Vaccines may comprise one or more such polypeptides or cells and a non-specific immune response enhancer. A non-specific immune response enhancer may be any substance that enhances an immune response to an exogenous antigen. Examples of non-specific immune response enhancers include adjuvants, biodegradable microspheres {e.g., poly lactic galactide) and liposomes (into which the compound is incorporated; see e.g., Fullerton, U.S. Patent No. 4,235,877). Vaccine preparation is generally described in, for example, M.F. Powell and M.J. Newman, eds., "Vaccine Design (the subunit and adjuvant approach)," Plenum Press (NY, 1995). Vaccines may be designed to generate antibody immunity and/or cellular immunity such as that arising from CTL or CD4+ T cells.

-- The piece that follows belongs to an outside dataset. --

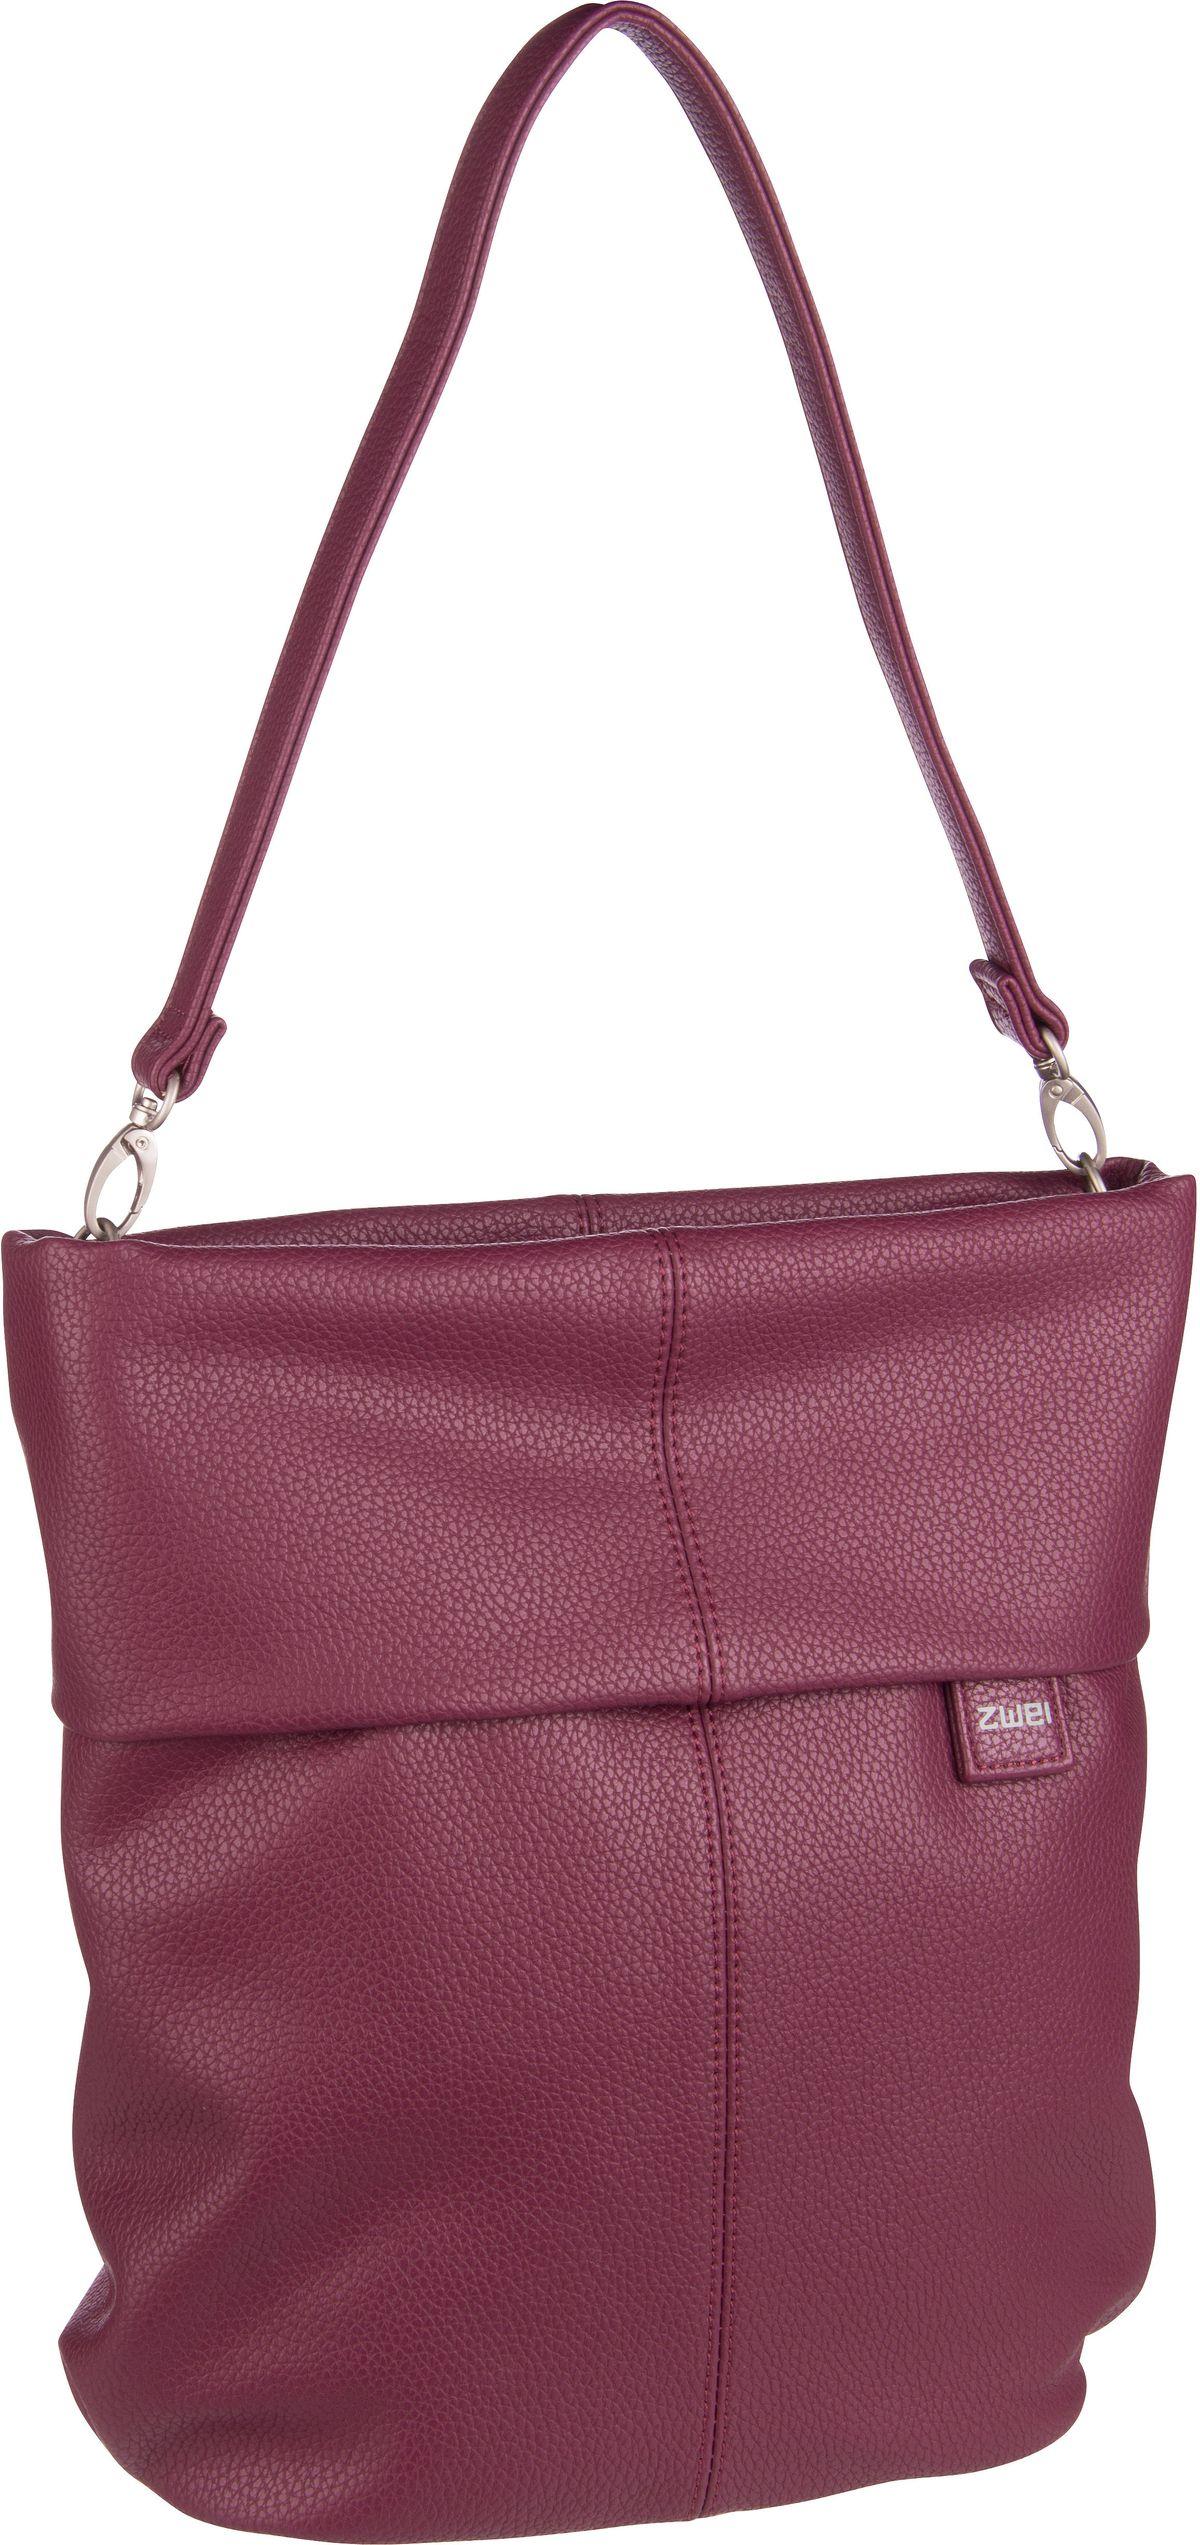 Handtasche Mademoiselle M12 Bordeaux (7 Liter)

Pharmaceutical compositions and vaccines within the scope of the present invention may also contain other compounds, which may be biologically active or inactive. For example, one or more immunogenic portions of other tumor antigens may be present, either incorporated into a fusion polypeptide or as a separate compound, within the composition or vaccine. Polypeptides may, but need not, be conjugated to other macromolecules as described, for example, within US Patent Nos. 4,372,945 and 4,474,757. Pharmaceutical compositions and vaccines may generally be used for prophylactic and therapeutic purposes.

A pharmaceutical composition or vaccine may contain a polynucleotide encoding one or more of the polypeptides as described above, such that the polypeptide is generated in situ. Such a polynucleotide may comprise DNA, RNA, a modified nucleic acid or a DNA/RNA hybrid. As noted above, a polynucleotide may be present within any of a variety of delivery systems known to those of ordinary skill in the art, including nucleic acid expression systems, bacteria and viral expression systems. Numerous gene delivery techniques are well known in the art, such as those described by Rolland, Crit. Rev. Therap. Drug Carrier Systems 75:143-198, 1998, and references cited therein. Appropriate nucleic acid expression systems contain the necessary DNA sequences for expression in the patient (such as a suitable promoter and terminating signal). Bacterial delivery systems involve the administration of a bacterium (such as Bacillus-Calmette-Guerri ) that expresses an immunogenic portion of the polypeptide on its cell surface or secretes such an epitope. In a preferred embodiment, the DNA may be introduced using a viral expression system {e.g., vaccinia or other pox virus, retrovirus, or adenovirus), which may involve the use of a non-pathogenic (defective), replication competent virus. Suitable systems are disclosed, for example, in Fisher- Hoch et al., Proc. Natl. Acad. Sci. USA 55:317-321, 1989; Flexner et al, Ann. NY. Acad. Sci. 569:86-103, 1989; Flexner et al., Vaccine 5:17-21, 1990; U.S. Patent Nos. 4,603,112, 4,769,330, and 5,017,487; WO 89/01973; U.S. Patent No. 4,777,127; GB 2,200,651; EP 0,345,242; WO 91/02805; Berkner, Biotechniques 6:616-621, 1988; Rosenfeld et al., Science 252:431-434, 1991; Kolls et al., Proc. Natl. Acad. Sci. USA 97:215-219, 1994; Kass-Eisler et al., Proc. Natl. Acad. Sci. USA 90:11498-11502, 1993; Guzman et al., Circulation 55:2838-2848, 1993; and Guzman et al., Cir. Res. 73:1202-1207, 1993. Techniques for incorporating DNA into such expression systems are well known to those of ordinary skill in the art. The DNA may also be "naked," as described, for example, in Ulmer et al., Science 259:1745-1749, 1993 and reviewed by Cohen, Science 259:1691-1692, 1993. The uptake of naked DNA may be increased by coating the DNA onto biodegradable beads, which are efficiently transported into the cells. It will be apparent that a vaccine may comprise both a polynucleotide and a polypeptide component. Such vaccines may provide for an enhanced immune response.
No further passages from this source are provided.